I Do Like To Be Beside The Seaside
Great Yarmouth Mercury. Friday, September 10, 2010
British Bandsman, Saturday, September 11, 2010
Eastern Daily Press, Wednesday, September 15, 2010
North Norfolk News, Thursday, September 16, 2010
Town & Country News, October 2010
A request to play at a truly memorable event is
something that brass bands relish. Such was one at the weekend for the players
of the Stalham Brass Band.
It is
a far cry from the luxurious stretches of Bondi Beach or a Caribbean island; but
a bride and groom were all smiles as the sun shone for their wedding blessing on
a north Norfolk beach.
Bride Sasha Blackmore, 32, and groom Lewis Neal, who is in
his 30s and works as a civil servant, are now in Australia on their honeymoon,
but the couple opted for somewhere much closer to home for their blessing –
Eccles-on-Sea beach.
The couple, who live and work in London but have been
frequent visitors to the Norfolk coast for many years, decided to mark their
wedding in the county they have come to call home.

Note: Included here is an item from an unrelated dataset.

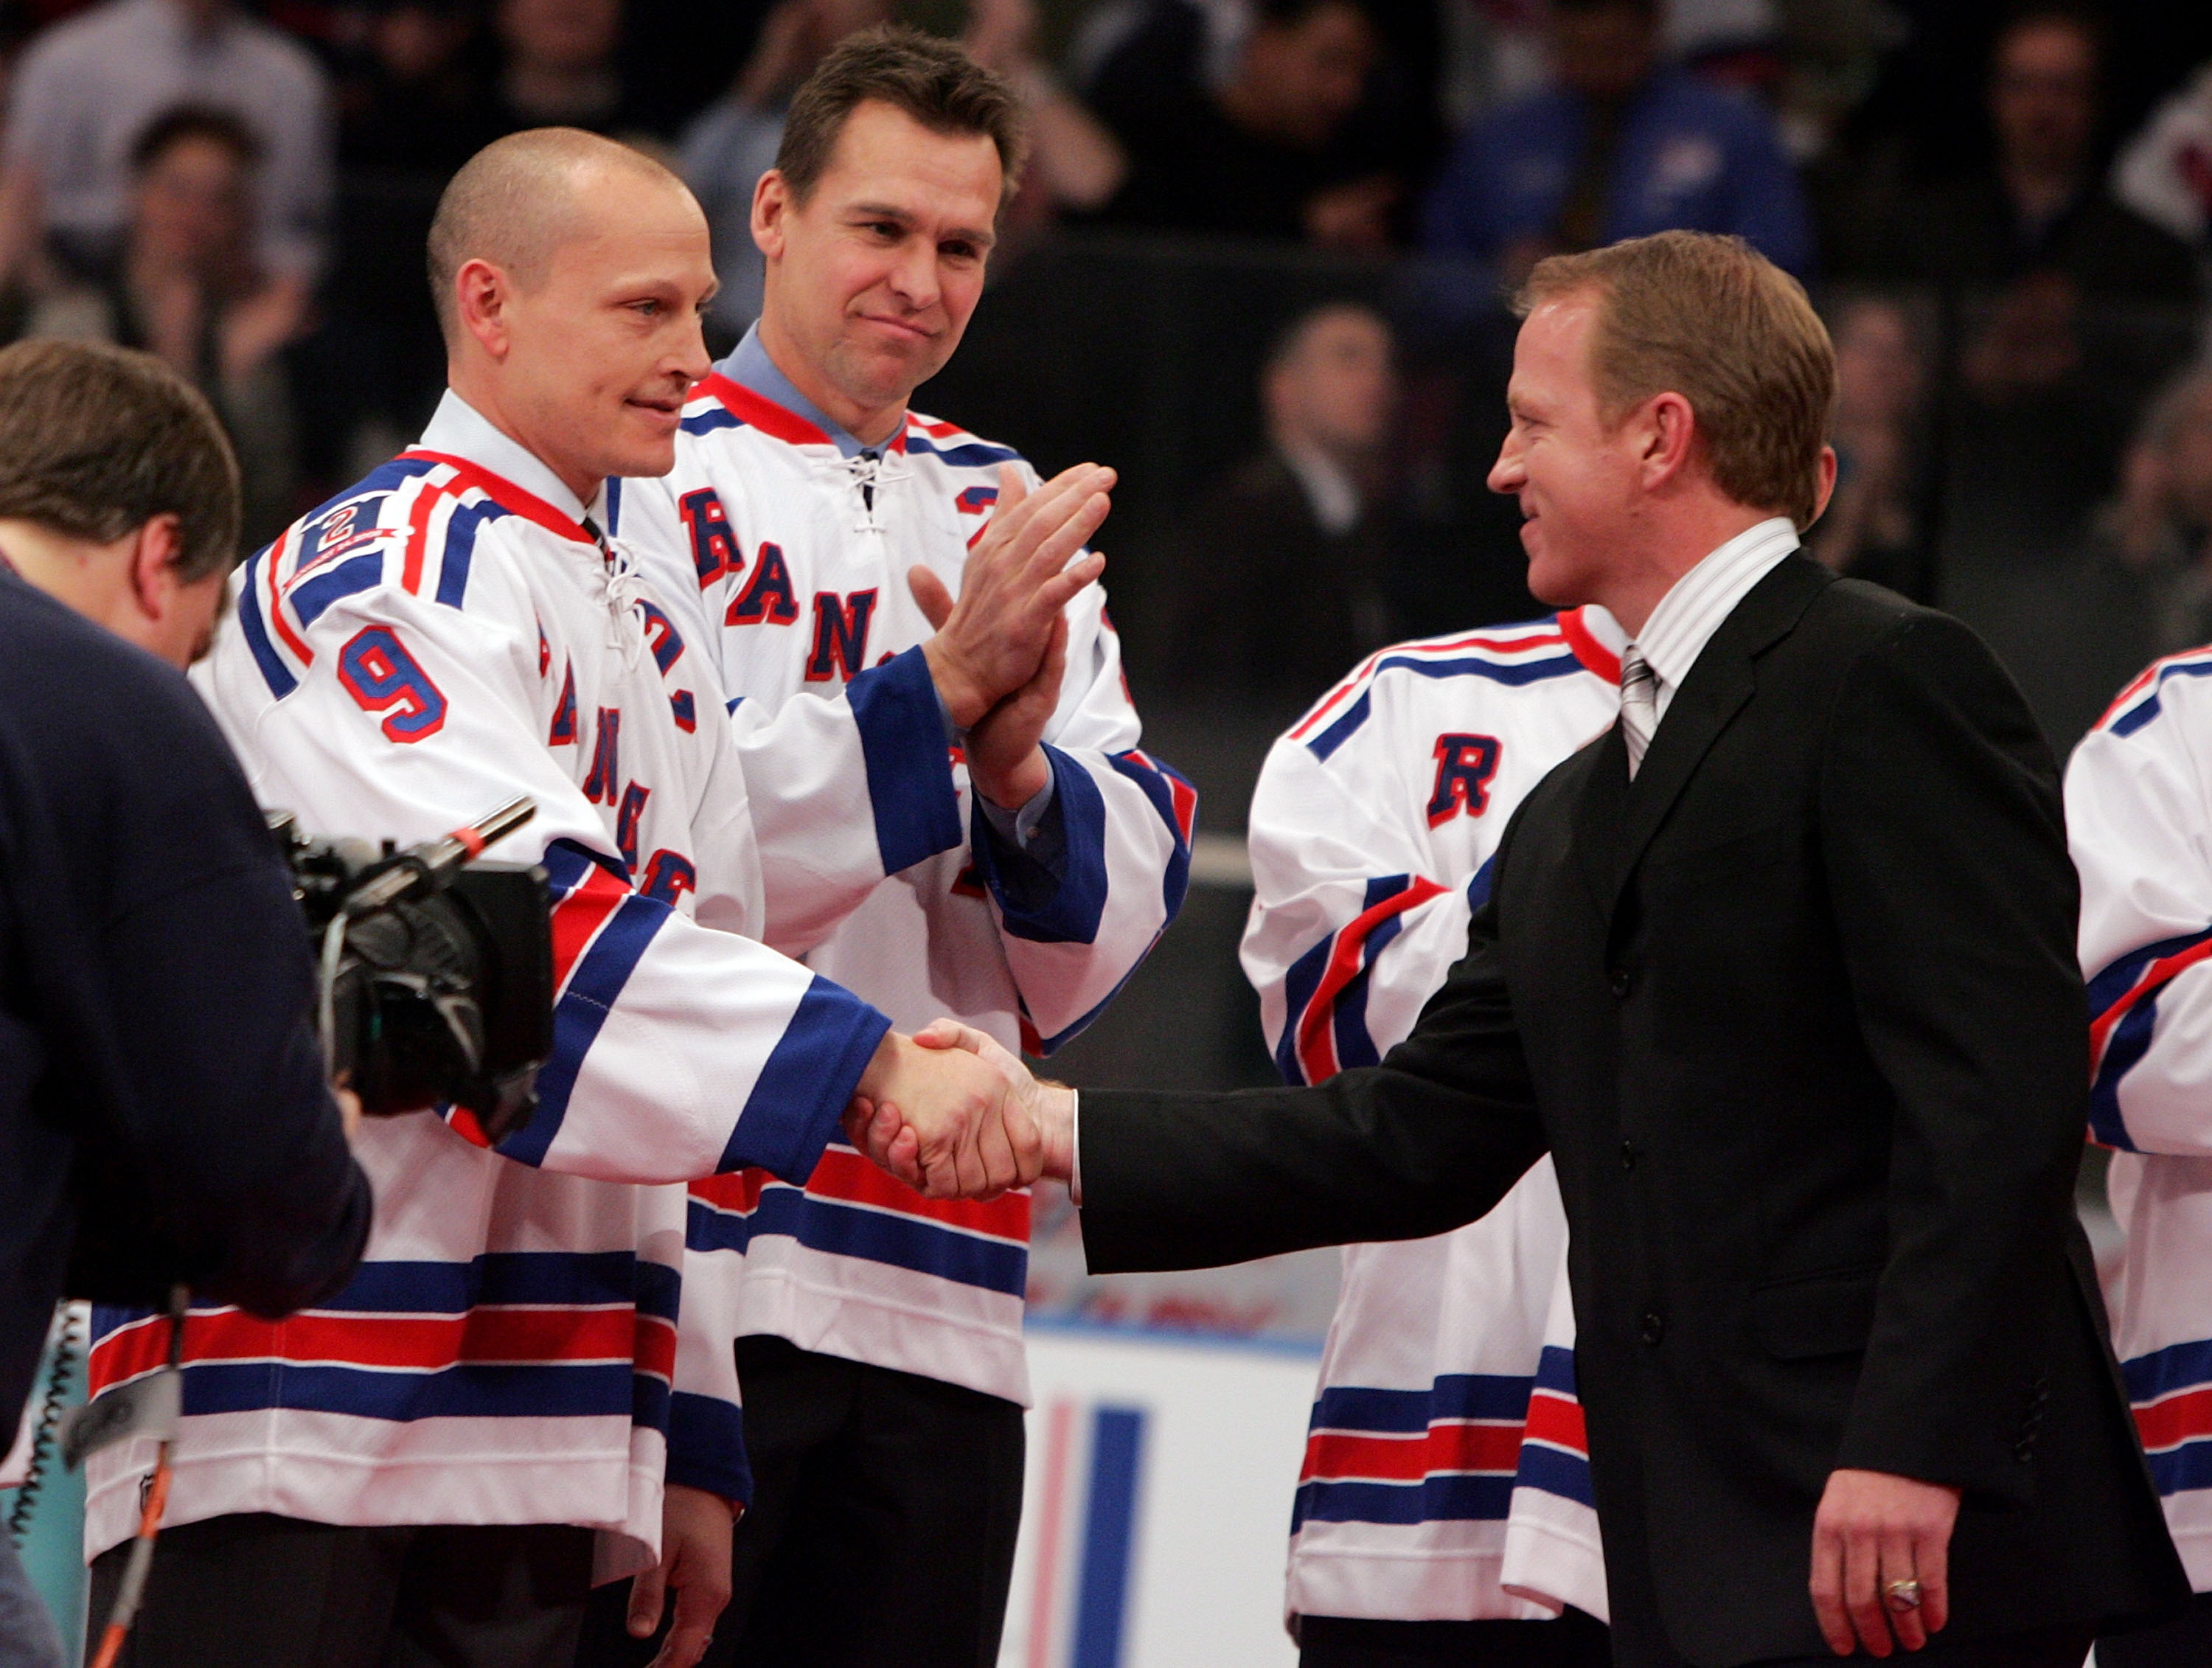 NEW YORK - JANUARY 24: Former New York Ranger Brian Leetch shakes hands with former teammate Adam Graves during his jersey retirment ceremony before the game against the Atlanta Thrashers on January 24, 2008 at Madison Square Garden in New York City.Leetch made a surprise announcement during his speech that the Rangers would retire Graves' number next season.Leetch became the fifth Ranger in history to have his number retired. (Photo by Jim McIsaac/Getty Images)

Sasha has been coming to Eccles, where her family owns a
house, since she was five-years-old so she and Lewis decided the village had to
play a special part in their big day.
Sasha, who works as a barrister, and Lewis’s wedding took
place on Saturday morning at what is now the parish church in Hempstead, which
is next door to Eccles.
However, in the afternoon they joined with guests and Stalham
Brass Band on the beach at the site of the old St. Mary’s Church, Eccles,
which succumbed to the North Sea hundreds of years ago, and whose remnants are
only visible on the beach on rare occasions, for a blessing of their marriage.
Sasha said: "Everything was better than any of us hoped
for. The lack of wind made the beach perfect, the sea was blue as was the sky.
The temperature allowed sleeveless and shawls. Most people really did think it
was beautifully romantic."
In total there were around 140 people gathered on the beach to watch the service
and hear the band play, and even some unexpected guests.
Mikeen Costello, Sasha’s mum, said: "At one point
there were some people on quad bikes who came along and, rather than roaring
past, they stopped, switched off their engines and stayed to watch all of the
ceremony, which we thought was lovely."
Tim Thirst, director of music for Stalham Brass Band, said:
"It was a very joyous occasion and in some ways felt very surreal.
"The weather and scenery were such that we could have
been thousands of miles away on a Pacific island. It goes to show how
picturesque our beaches in Norfolk are.
"We felt privileged to be part of this unique occasion,
performing the specially arranged music and of course ‘I Do Like To Be Beside
The Seaside’ was part of that repertoire."